GLIMMER: Incorporating Graph and Lexical Features in Unsupervised Multi-Document Summarization

Autor: Liu, Ran, Liu, Ming, Yu, Min, Jiang, Jianguo, Li, Gang, Zhang, Dan, Li, Jingyuan, Meng, Xiang, Huang, Weiqing
Rok vydání: 2024
Předmět:
Druh dokumentu: Working Paper
Popis: Pre-trained language models are increasingly being used in multi-document summarization tasks. However, these models need large-scale corpora for pre-training and are domain-dependent. Other non-neural unsupervised summarization approaches mostly rely on key sentence extraction, which can lead to information loss. To address these challenges, we propose a lightweight yet effective unsupervised approach called GLIMMER: a Graph and LexIcal features based unsupervised Multi-docuMEnt summaRization approach. It first constructs a sentence graph from the source documents, then automatically identifies semantic clusters by mining low-level features from raw texts, thereby improving intra-cluster correlation and the fluency of generated sentences.
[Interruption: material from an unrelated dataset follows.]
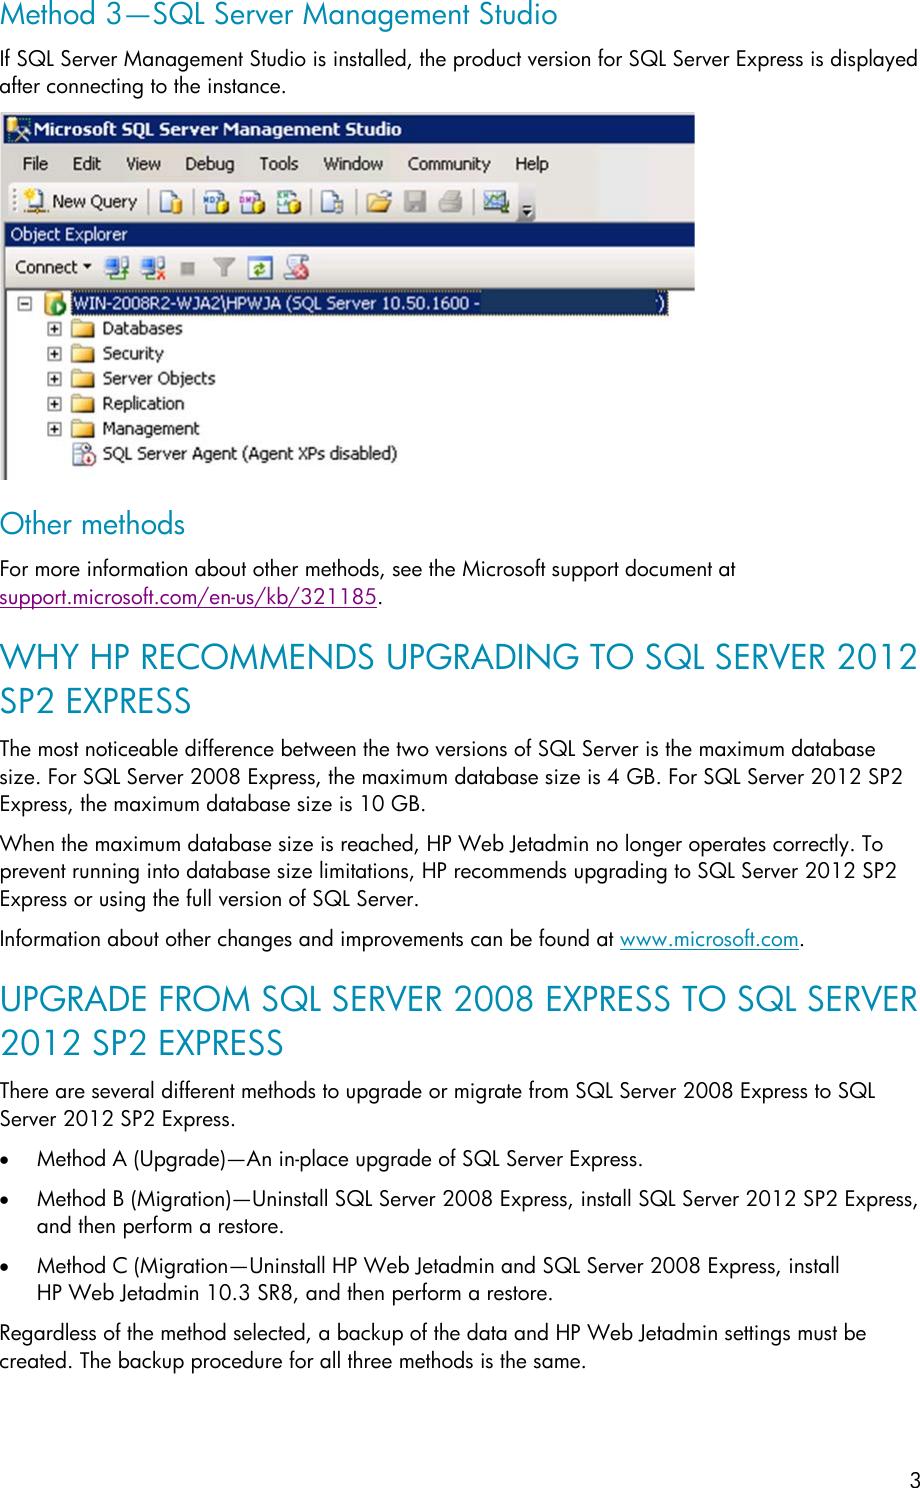 HP Upgrade Microsoft SQL Server Express For Web Jetadmin

Finally, it summarizes clusters into natural sentences. Experiments conducted on Multi-News, Multi-XScience and DUC-2004 demonstrate that our approach outperforms existing unsupervised approaches. Furthermore, it surpasses state-of-the-art pre-trained multi-document summarization models (e.g. PEGASUS and PRIMERA) under zero-shot settings in terms of ROUGE scores. Additionally, human evaluations indicate that summaries generated by GLIMMER achieve high readability and informativeness scores. Our code is available at https://github.com/Oswald1997/GLIMMER.
Comment: 19 pages, 7 figures. Accepted by ECAI 2024
Databáze: arXiv